The AI integration is another area that still feels somewhat uneven. While there’s a clear push toward positioning the platform as an end-to-end AI/ML environment, some of the newer AI-focused features feel more like ecosystem additions than deeply integrated workflow improvements. In practice, there are still cases where custom tooling or external frameworks provide more flexibility and transparency, particularly for specialized model development, experimentation, and real-time inference use cases.
There can also be some complexity around tuning clusters and managing costs efficiently at scale. While the abstractions are helpful, getting the best performance-to-cost ratio sometimes requires deeper platform knowledge than the “fully managed” positioning might imply.
Overall, the platform is very strong technically, but pricing for always-on data-intensive workloads and the maturity of some AI-native capabilities are the two biggest areas where I’d like to see improvement.
For my work, the biggest benefit is real-time collaboration. It allows multiple people to work against the same datasets, notebooks, and pipelines without the usual friction of fragmented tooling or environment inconsistencies. That significantly speeds up experimentation, iteration, and knowledge sharing across projects, especially when moving quickly on model development or analyzing fast-changing data.
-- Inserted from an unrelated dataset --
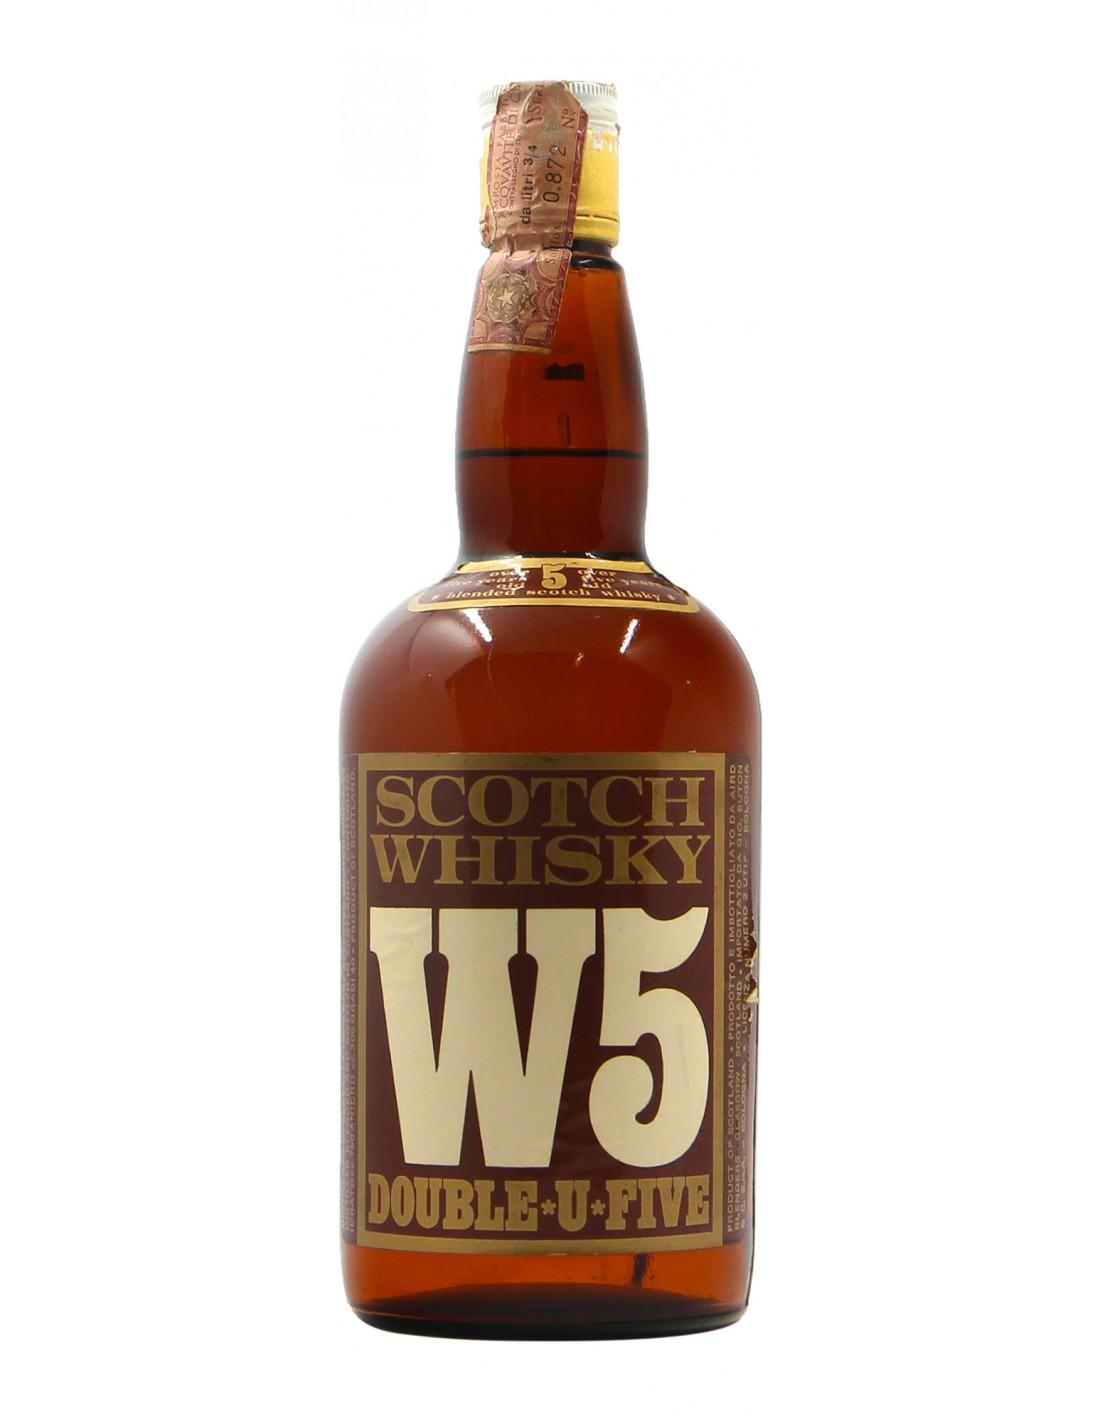 W5 DOUBLE U FIVE SCOTCH WHISKY 75CL 40° NV AIRD BLENDERS Grandi Bottiglie

It also solves the challenge of scalable data access and processing. Working with high-volume time-series and transactional datasets requires infrastructure that can process large amounts of data efficiently without constant operational overhead. Databricks abstracts much of that complexity, making it possible to focus on analysis, feature engineering, and model development rather than spending time managing infrastructure.
The practical benefit is faster iteration cycles. I can move from raw data exploration to model experimentation and deployment much more quickly, which is especially valuable when working on real-time analytics, forecasting pipelines, and production-facing ML systems where speed of iteration directly impacts outcomes.
Overall, it reduces engineering friction and makes large-scale collaborative data work significantly more efficient, which translates into faster development, better experimentation, and more reliable deployment of data products.